According to Hal Smith of The Compulsive Explainer (see my blogroll), the tragedy of our time is, simply put, failed social engineering. Most of his blog post is quoted below:
Americans, for example, have decided to let other forces manage their nation — and not let Americans themselves manage it. At least this is what I see happening, with the election of Trump. They have handed the management of their country over to a man with a collection of wacky ideas — and they feel comfortable with this. Mismanagement is going on everywhere — and why not include the government in this?
This is typical behavior for a successful society in decline. They cannot see what made them successful, has been taken too far — and is now working against them. The sensible thing for them to do is back off for awhile, analyze their situation — and ask “What is going wrong here?” But they never do this — and a collapse ensues.
In our present case, the collapse involves a global society based on Capitalism — that cannot adapt itself to a Computer-based economy. The Software ecosystem operates differently — it is based on cooperation, not competition.
Capitalism was based on just that — Capital — money making money. And it was very successful — for those it favored. Money is still important in the Computer economy — people still have to be paid. But what they are being paid for has changed — information is now being managed, something different entirely.
Hardware is still important — but that is not where the Big Money is being made. It is now being made in Computers, and their Software.
I’m sympathetic to this view but believe that a look back through history reveals something other than missed opportunities and too-slow adaptation as we fumbled our way forward, namely, repeated catastrophic failures. Such epic fails include regional and global wars, genocides, and societal collapses that rise well above the rather bland term mismanagement. A really dour view of history, taking into account more than a few truly vicious, barbaric episodes, might regard the world as a nearly continuous stage of horrors from which we periodically take refuge, and the last of these phases is drawing quickly to a close.

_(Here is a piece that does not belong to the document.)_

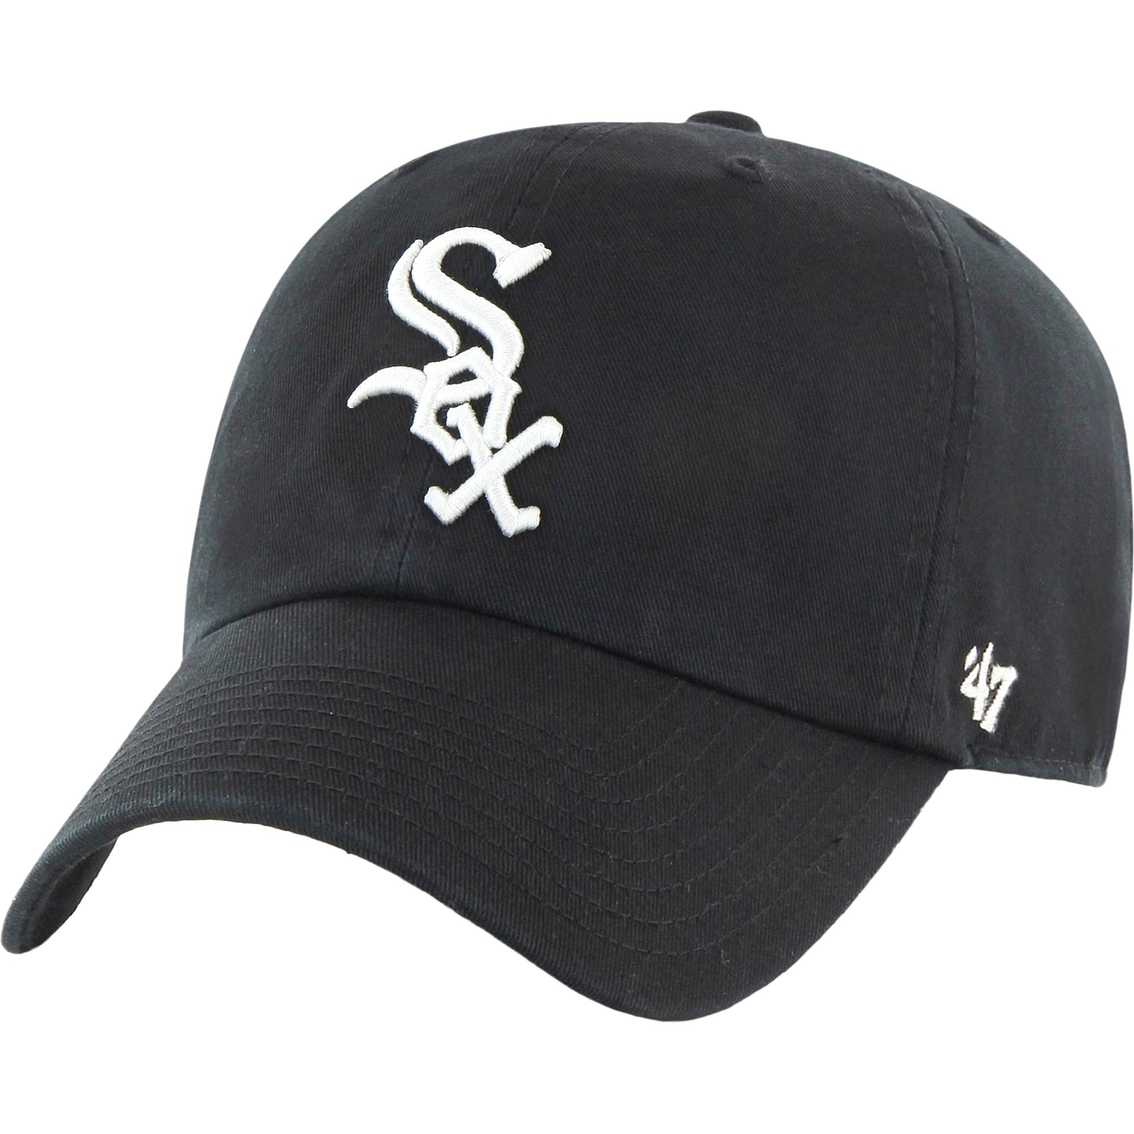 2eb95397cad 47 Brand Mlb Chicago White Sox Clean Up Baseball Cap | Mlb Apparel ...

The breakneck speed of technological innovation and information exchange has resulted not in Fukuyama’s mistakenly exuberant “end of history” (kinda-sorta winning the Cold War but nevertheless losing the peace?) but instead an epoch where humans are frankly left behind by follow-on effects of their own unrestrained restlessness. Further, if history is a stage of horrors, then geopolitics is theater of the absurd. News reports throughout the new U.S. presidential administration, still less than 6 months in (more precisely, 161 days or 23 weeks), tell of massive economic and geopolitical instabilities threatening to collapse the house of cards with only a slight breeze. Contortions press agents and politicized news organs go through to provide cover for tweets, lies, and inanities emanating from the disturbed mind of 45 are carnival freak show acts. Admittedly, not much has changed over the previous two administrations — alterations of degree only, not kind — except perhaps to demonstrate beyond any shadow of doubt that our elected, appointed, and purchased leaders (acknowledging many paths to power) are fundamentally incompetent to deal effectively with human affairs, much less enact social engineering projects beyond the false happiness of Facebook algorithms that hide bad news. Look no further than the egregious awfulness of both presidential candidates in the last election coughed up like hairballs from the mouths of their respective parties. The aftermath of those institutional failures finds both major parties in shambles, further degraded than their already deplorable states prior to the election.
So how much worse can things get? Well, scary as it sounds, lots. The electrical grid is still working, water is still flowing to the taps, and supply lines continue to keep store shelves stocked with booze and brats for extravagant holiday celebrations. More importantly, we in the U.S. have (for now, unlike Europe) avoided repetition of any major terrorist attacks. But everyone with an honest ear to the ground recognizes our current condition as the proverbial calm before the storm. For instance, we’re threatened by the first ice-free Arctic in the history of mankind later this year and a giant cleaving off of the Larsen C Ice Shelf in Antarctica within days. In addition, drought in the Dakotas will result in a failed wheat harvest. Guy McPherson (in particular, may well be others) has been predicting for years that abrupt, nonlinear climate change when the poles warm will end the ability to grow grain at scale, leading to worldwide famine, collapse, and near-term extinction. Seems like we’re passing the knee of the curve. Makes concerns about maladaptation and failed social engineering pale by comparison.